SELECT last_name, first_name, ROUND(AVG(length), 0) AS average
FROM actor
INNER JOIN film_actor ON film_actor.actor_id = actor.actor_id
INNER JOIN film ON film_actor.film_id = film.film_id
WHERE title = "ALONE TRIP"
GROUP BY last_name, first_name
ORDER BY average;

  1. Highlight the SELECT query.
  2. In the main menu, select Query > Explain Current Statement.
  3. In the Display Info box, highlighted in red below, select Data Read per Join.

Workbench displays the following execution plan:

Image is a screenshot of Workbench. The SELECT query described in the lab instructions is highlighted. Below the SELECT query is a flowchart diagram, representing an execution plan for the SELECT query. The flowchart contains boxes and diamonds labeled 1 through 7. Box 1 has four labels: 1 row, Non-Unique Key Lookup, film, and idx_title. Box 2 has four labels: 5 rows, Non-Unique Key Lookup, film_actor, and idx_fk_film_id. Diamond 3 has two labels: 5 rows, and nested loop. Arrows from boxes 1 and 2 point to diamond 3. Box 4 has four labels: 1 row, Unique Key Lookup, actor, and PRIMARY. Diamond 5 has two labels: 5 rows, and nested loop. Arrows from diamond 3 and box 4 point to diamond 5. Box 6 has two labels: GROUP, and tmp table. Box 7 has two labels: ORDER and filesort. An arrow from box 6 points to box 7. An arrow from box 7 points to an unnumbered box with two labels: Query cost 3.07, and query_block #1.

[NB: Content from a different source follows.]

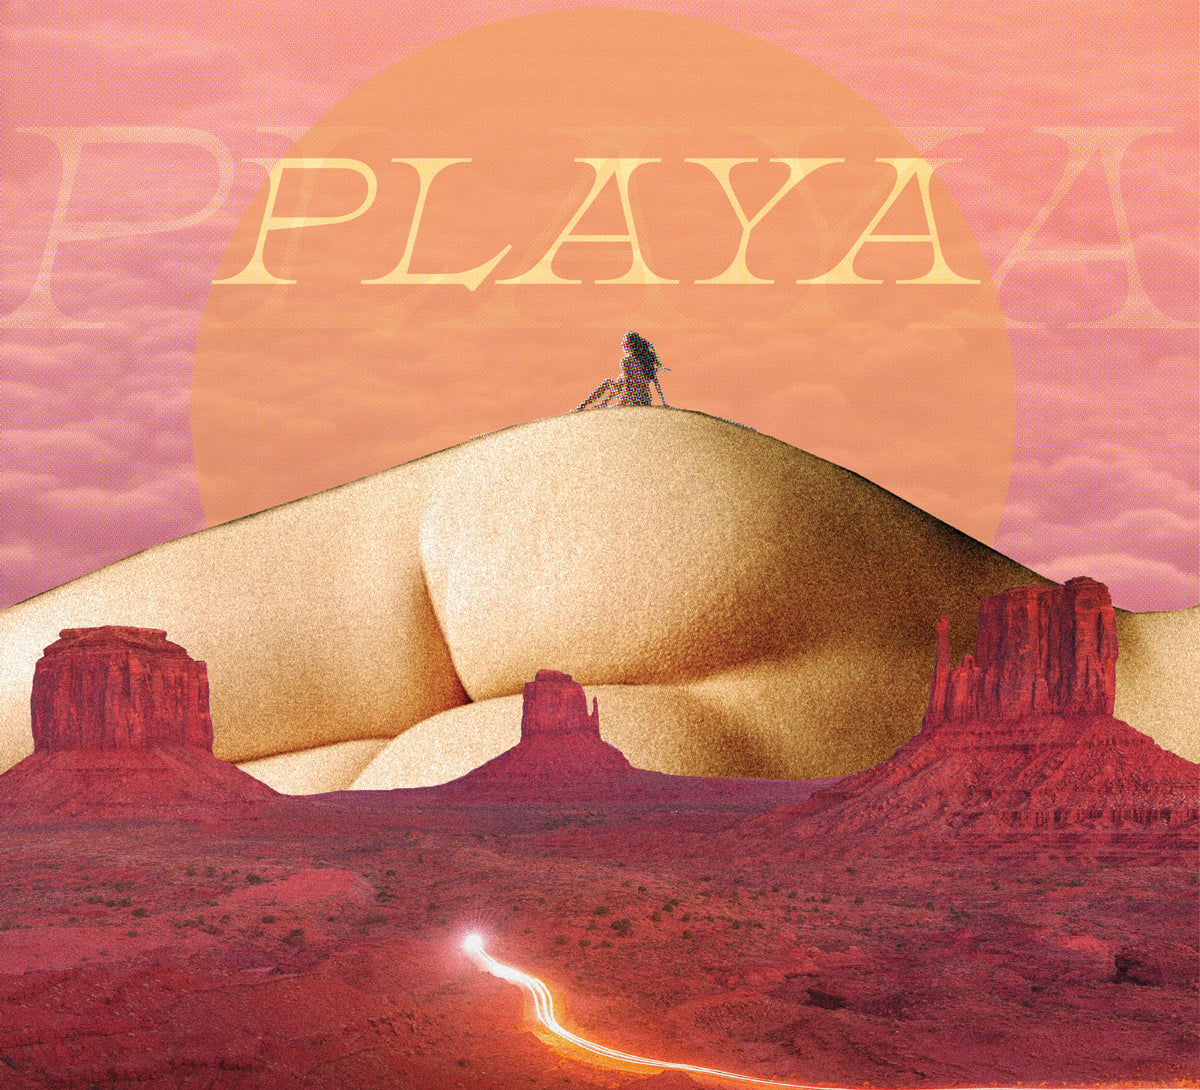 Playlist: Playa
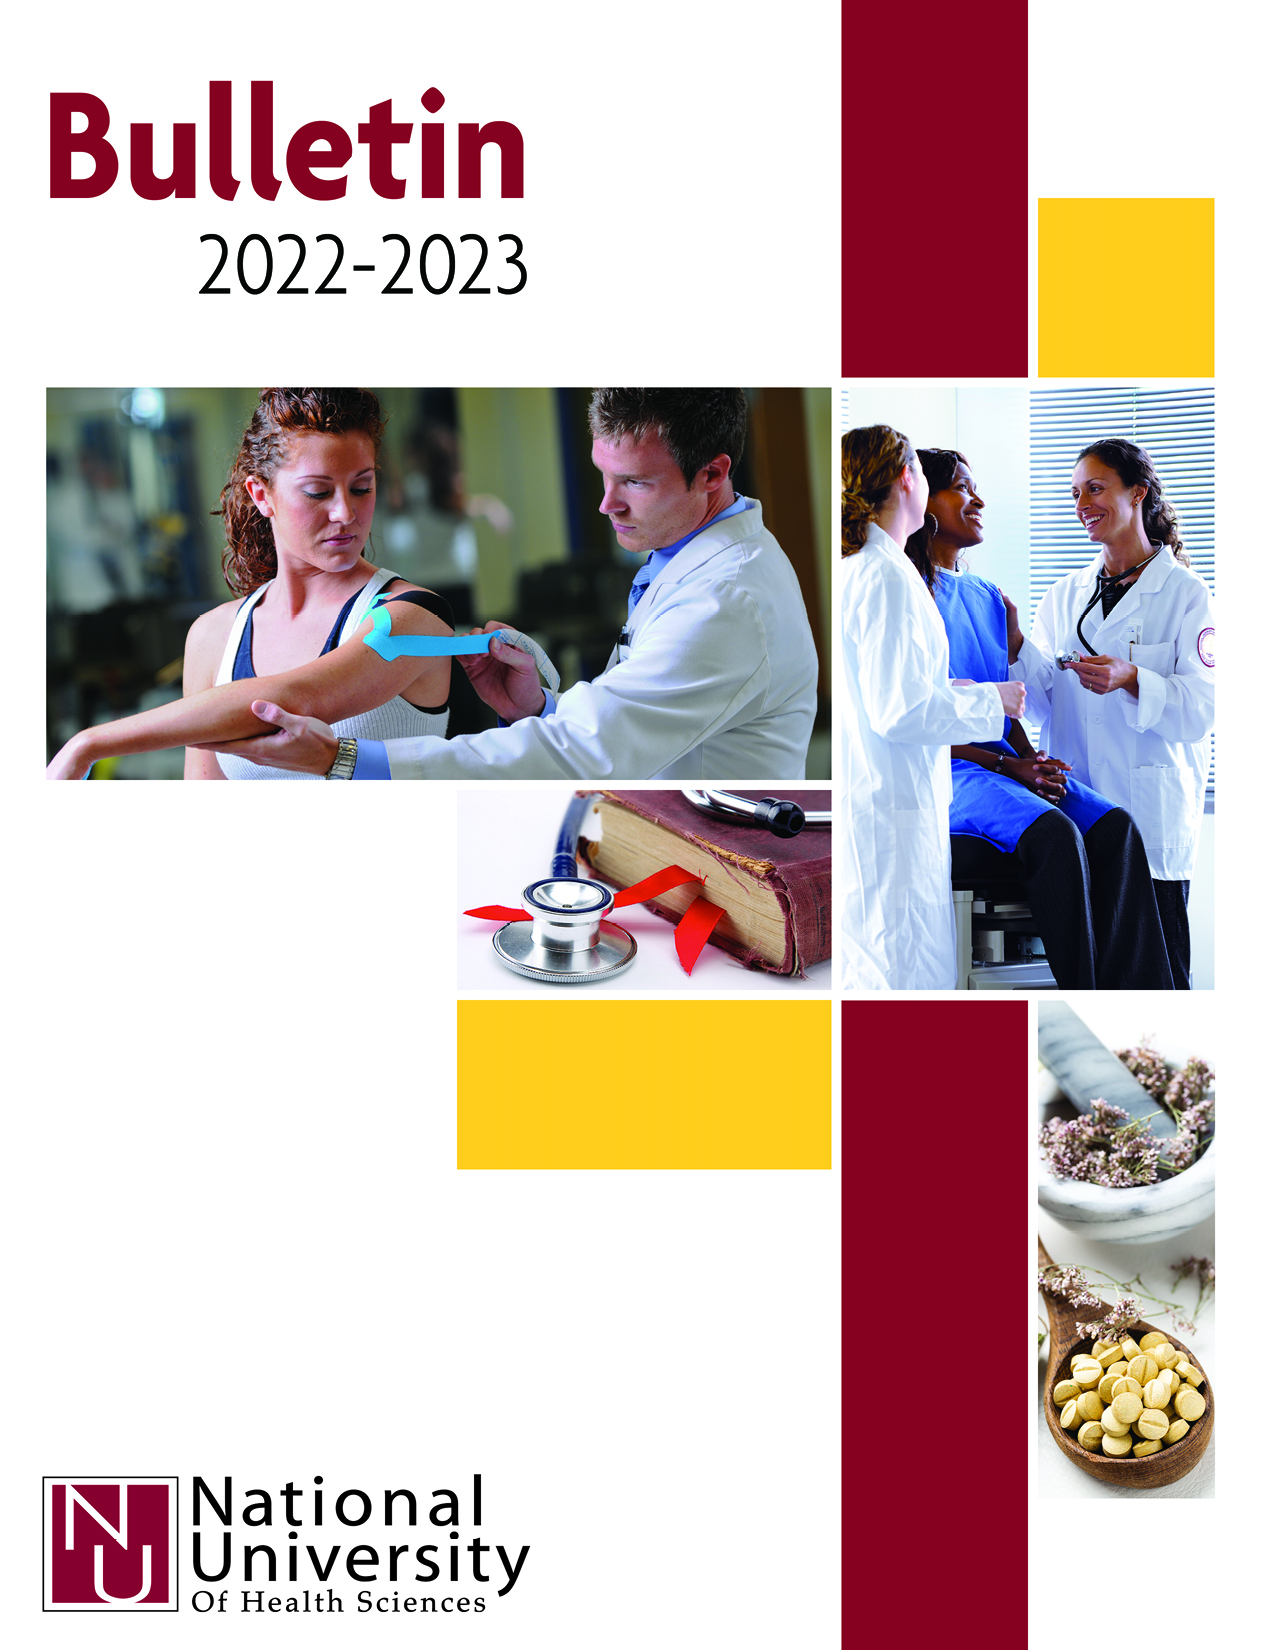 NUHS Bulletin 2022 cover

The execution plan depicts the result of EXPLAIN for the SELECT query. The execution plan has seven steps, corresponding to the red numbers on the screenshot:

  1. Access a single film row using the idx_title index on the title column.
  2. Access matching film_actor rows using the idx_fk_film_id index on the film_id foreign key.
  3. Join the results using the nested loop algorithm.
  4. Access actor rows via the index on the primary key.
  5. Join actor rows with the prior join result using the nested loop algorithm.
  6. Store the result in a temporary table and compute the aggregate function.
  7. Sort and generate the result table.

Refer to MySQL nested loop documentation for an explanation of the nested loop algorithm.

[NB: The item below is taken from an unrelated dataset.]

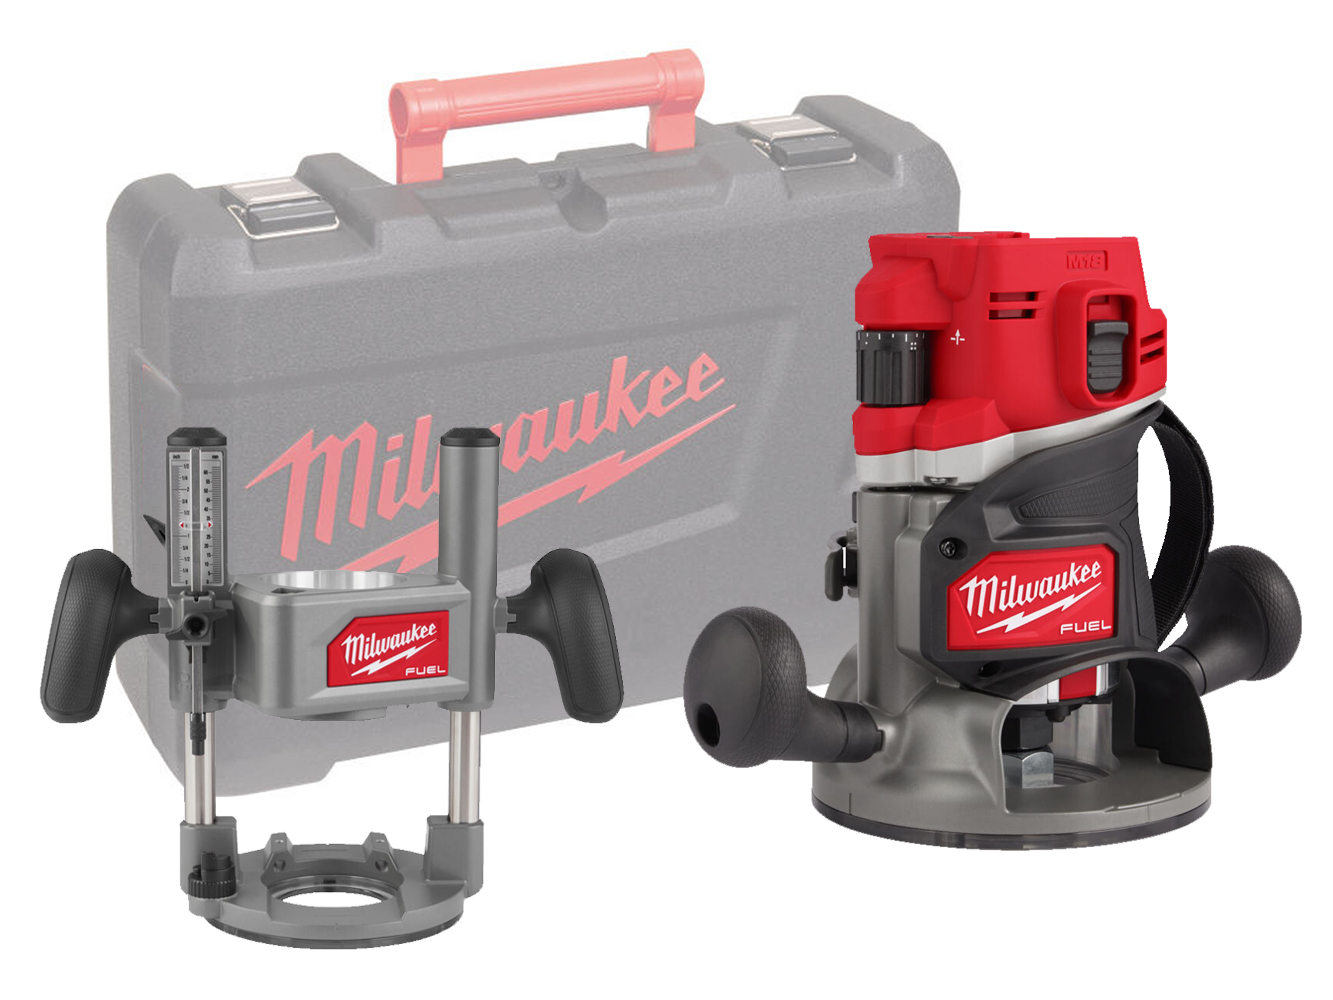 Milwaukee 18v Fuel Brushless 1/2" Router / Trimmer & Plunge - M12FR18KIT-0X - Body Only

Now, replace = in the WHERE clause with < and generate a new execution plan. Step 1 of the execution plan says Index Range Scan. The index scan accesses all films with titles preceding “ALONE TRIP”, rather than a single film.

Finally, replace < in the WHERE clause with > and generate a third execution plan. Step 1 of the execution plan says Full Table Scan and accesses actor rather than film.

zyLab coding

In the zyLab environment, write EXPLAIN statements for the three queries, in the order described above. Submit the EXPLAIN statements for testing.

The zyLab execution plans do not exactly match the Workbench execution plans, since this lab uses a subset of film, actor, and film_actor rows from the Sakila database.

NOTE: In submit-mode tests that generate multiple result tables, the results are merged. Although the tests run correctly, the results appear in one table.